─── Collected material

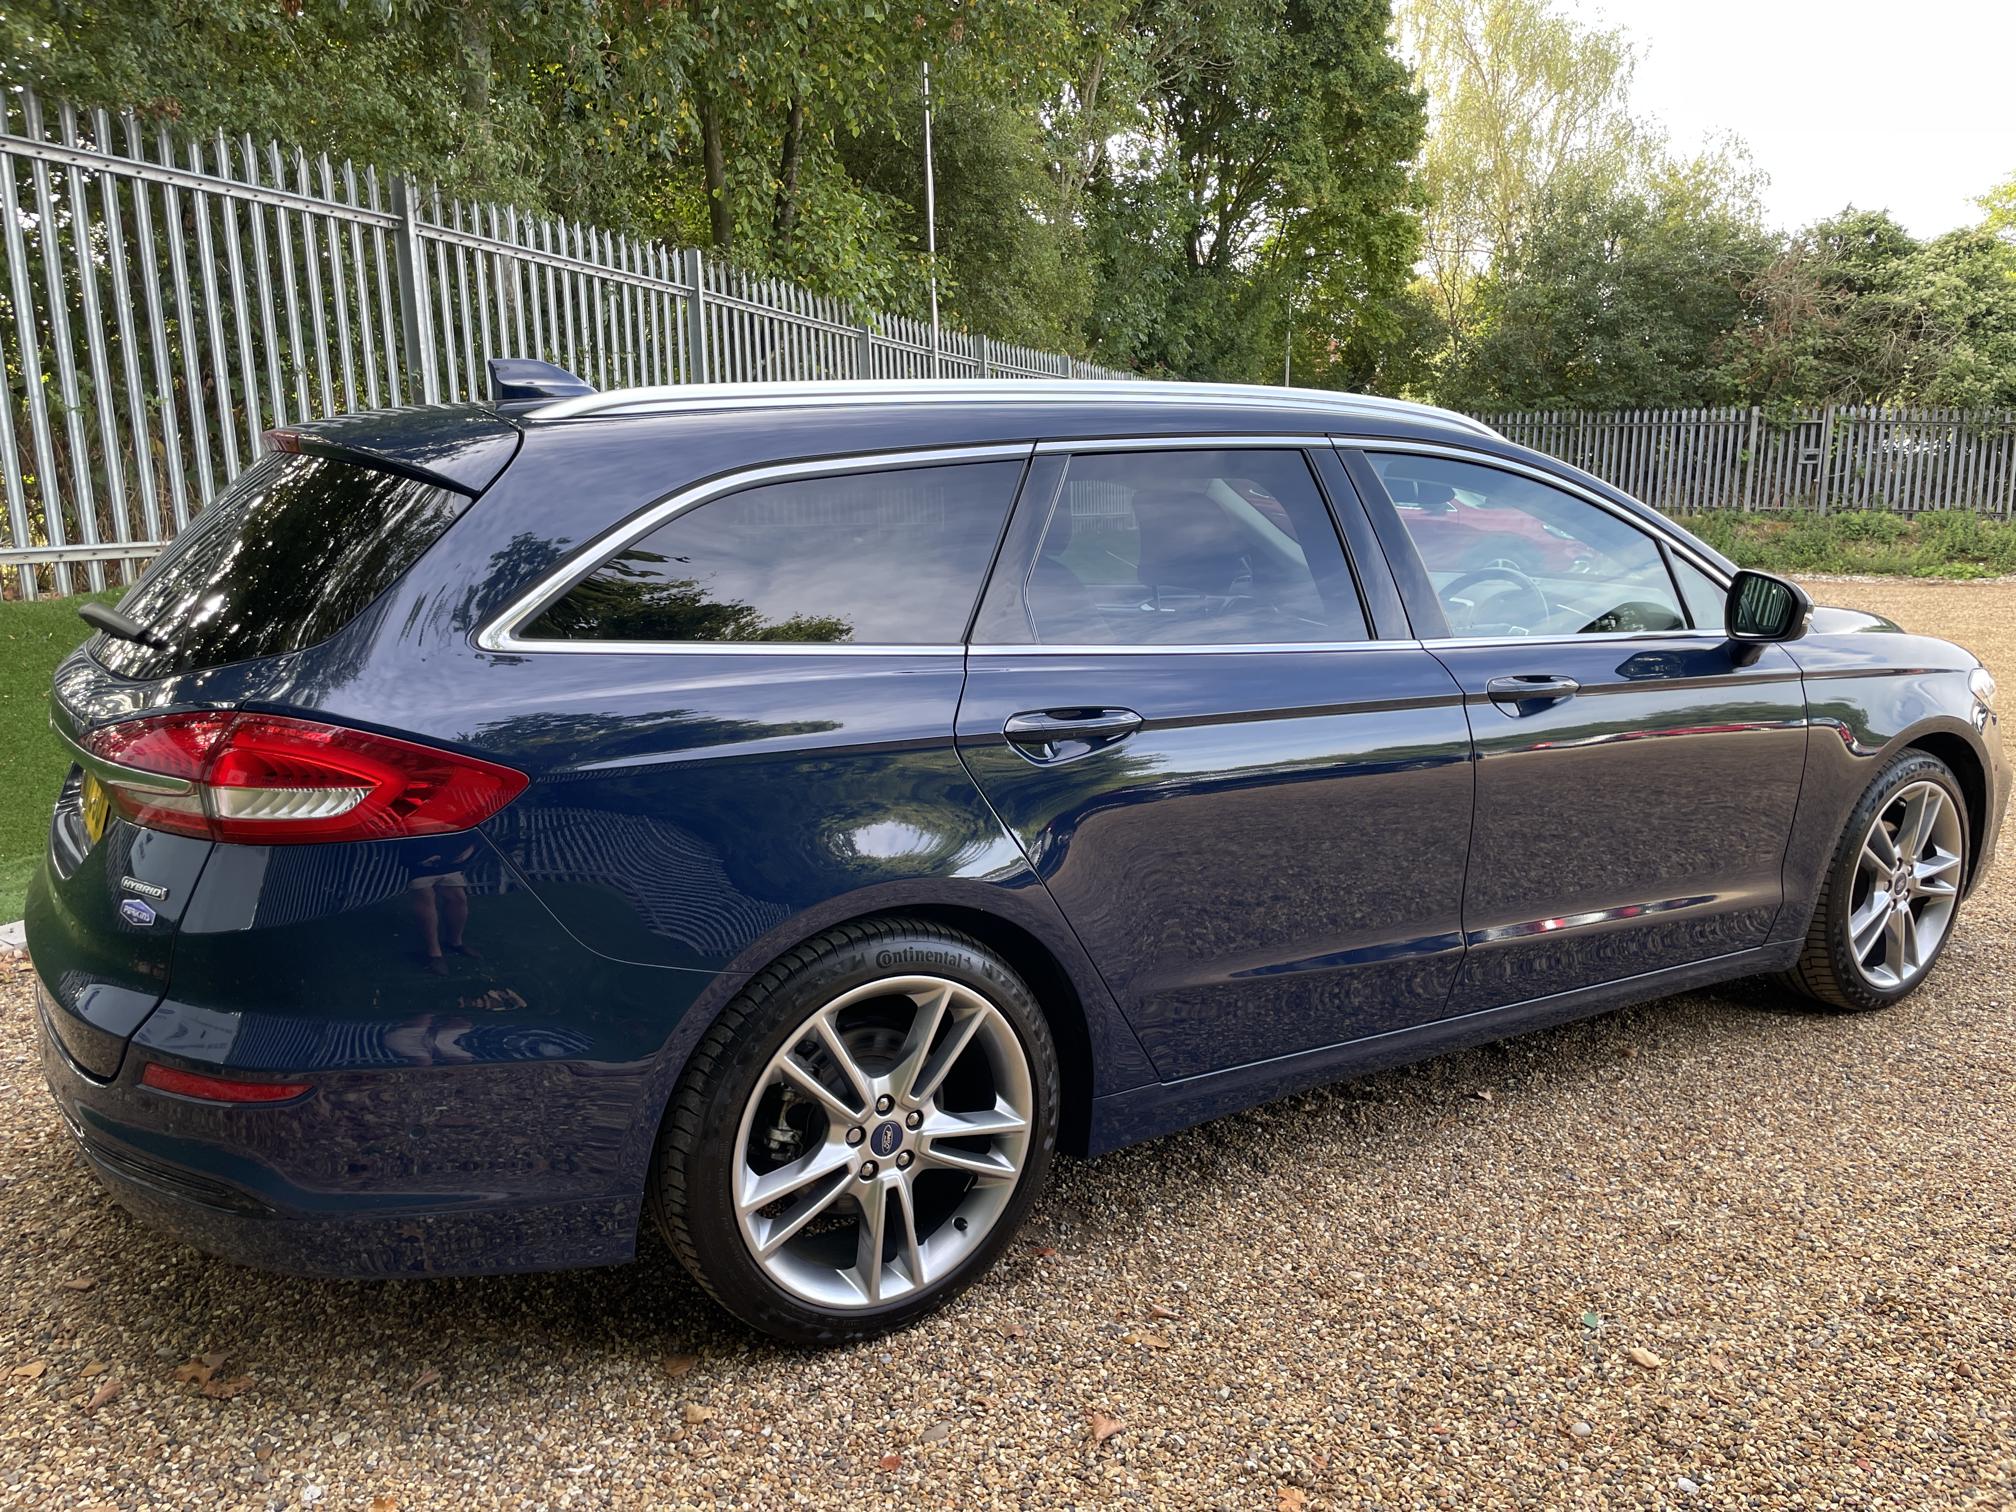 HEV Hybird Mondeo Estate Panoramic Roof for sale Essex
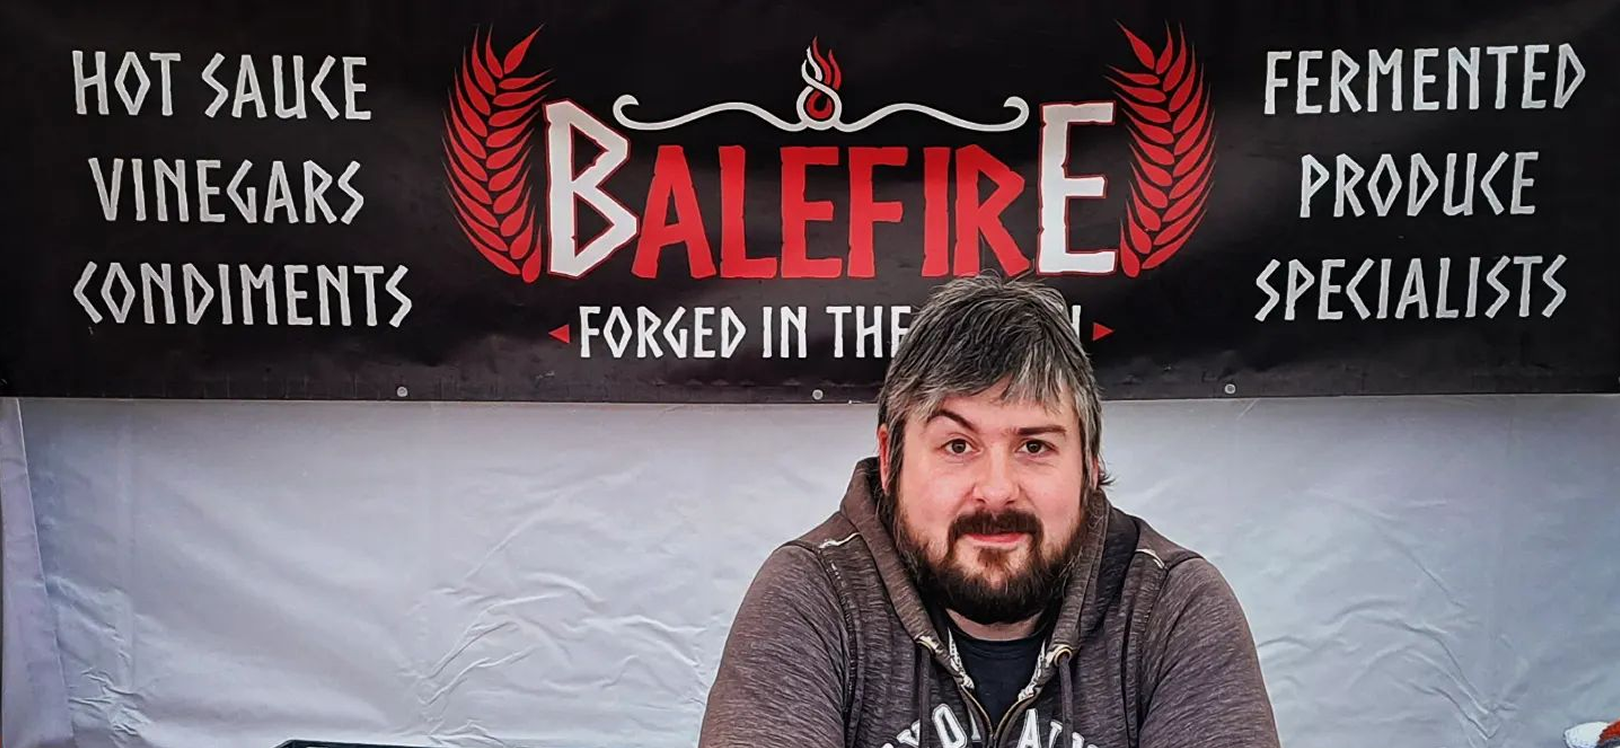 A man in front of a Balefire sign
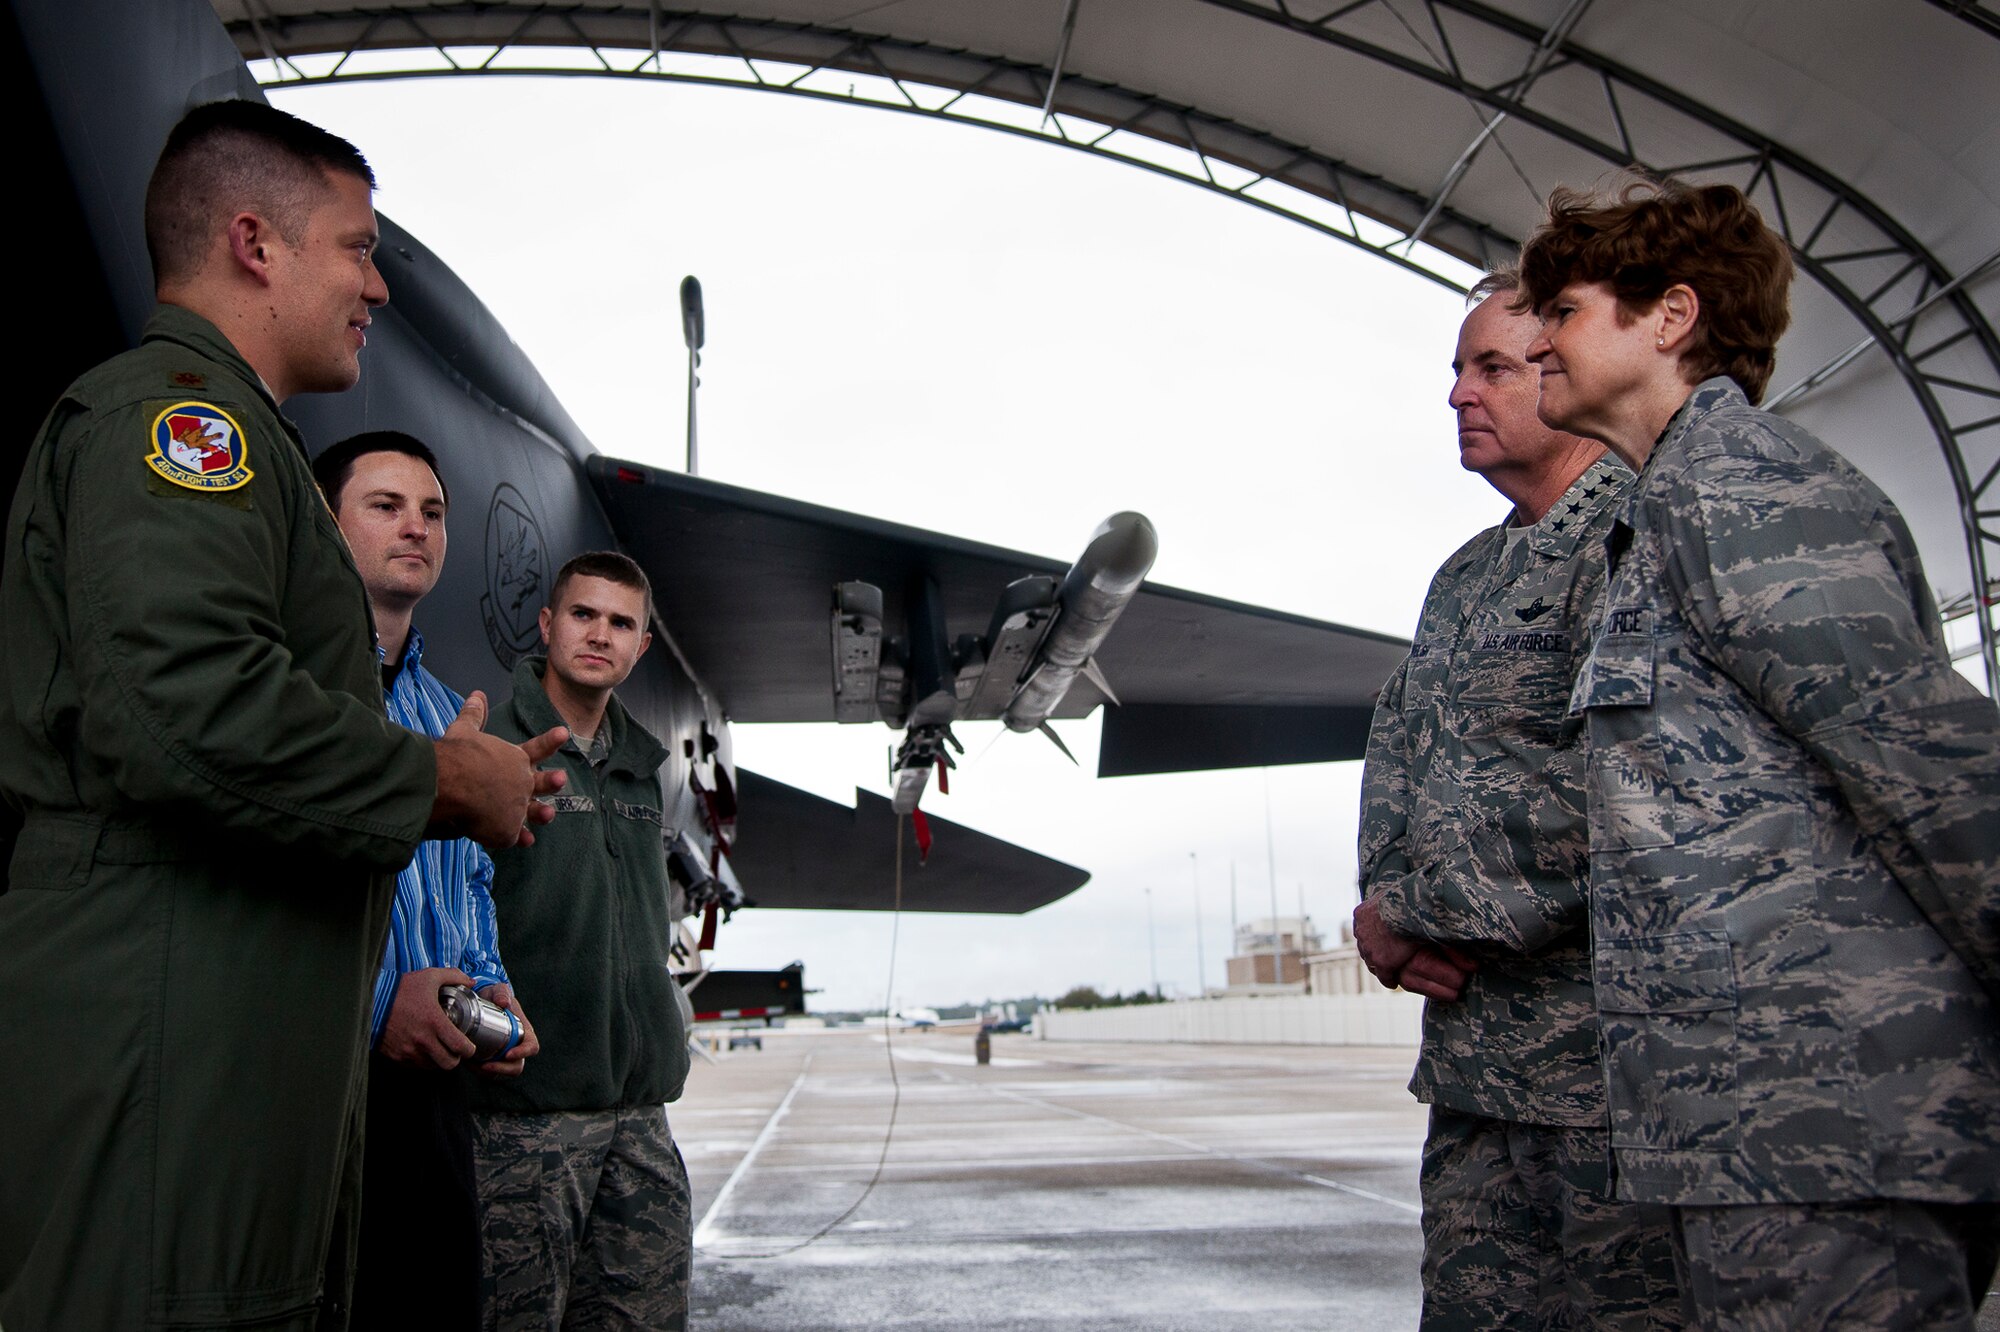 Maj. Ryan Sanford briefs Air Force Chief of Staff Gen. Mark A. Welsh III and Gen. Janet Wolfenbarger about the mission of the 40th Flight Test Squadron Jan. 27, 2014, at Eglin Air Force Base, Fla. The generals received the brief as part of a developmental and operation test orientation to the 96th Test Wing and the 53rd Wing. Wolfenbarger is the Air Force Materiel Command commander and Stanford is an F-15 Strike Eagle pilot with the 40th FTS. (U.S. Air Force photo/Samuel King Jr.)

──────

● **Task instructions**: The material above should be returned exactly, without pictures.

● **Result of the exercise**:
 HEV Hybird Mondeo Estate Panoramic Roof for sale Essex
 A man in front of a Balefire sign
 Maj. Ryan Sanford briefs Air Force Chief of Staff Gen. Mark A. Welsh III and Gen. Janet Wolfenbarger about the mission of the 40th Flight Test Squadron Jan. 27, 2014, at Eglin Air Force Base, Fla. The generals received the brief as part of a developmental and operation test orientation to the 96th Test Wing and the 53rd Wing. Wolfenbarger is the Air Force Materiel Command commander and Stanford is an F-15 Strike Eagle pilot with the 40th FTS. (U.S. Air Force photo/Samuel King Jr.)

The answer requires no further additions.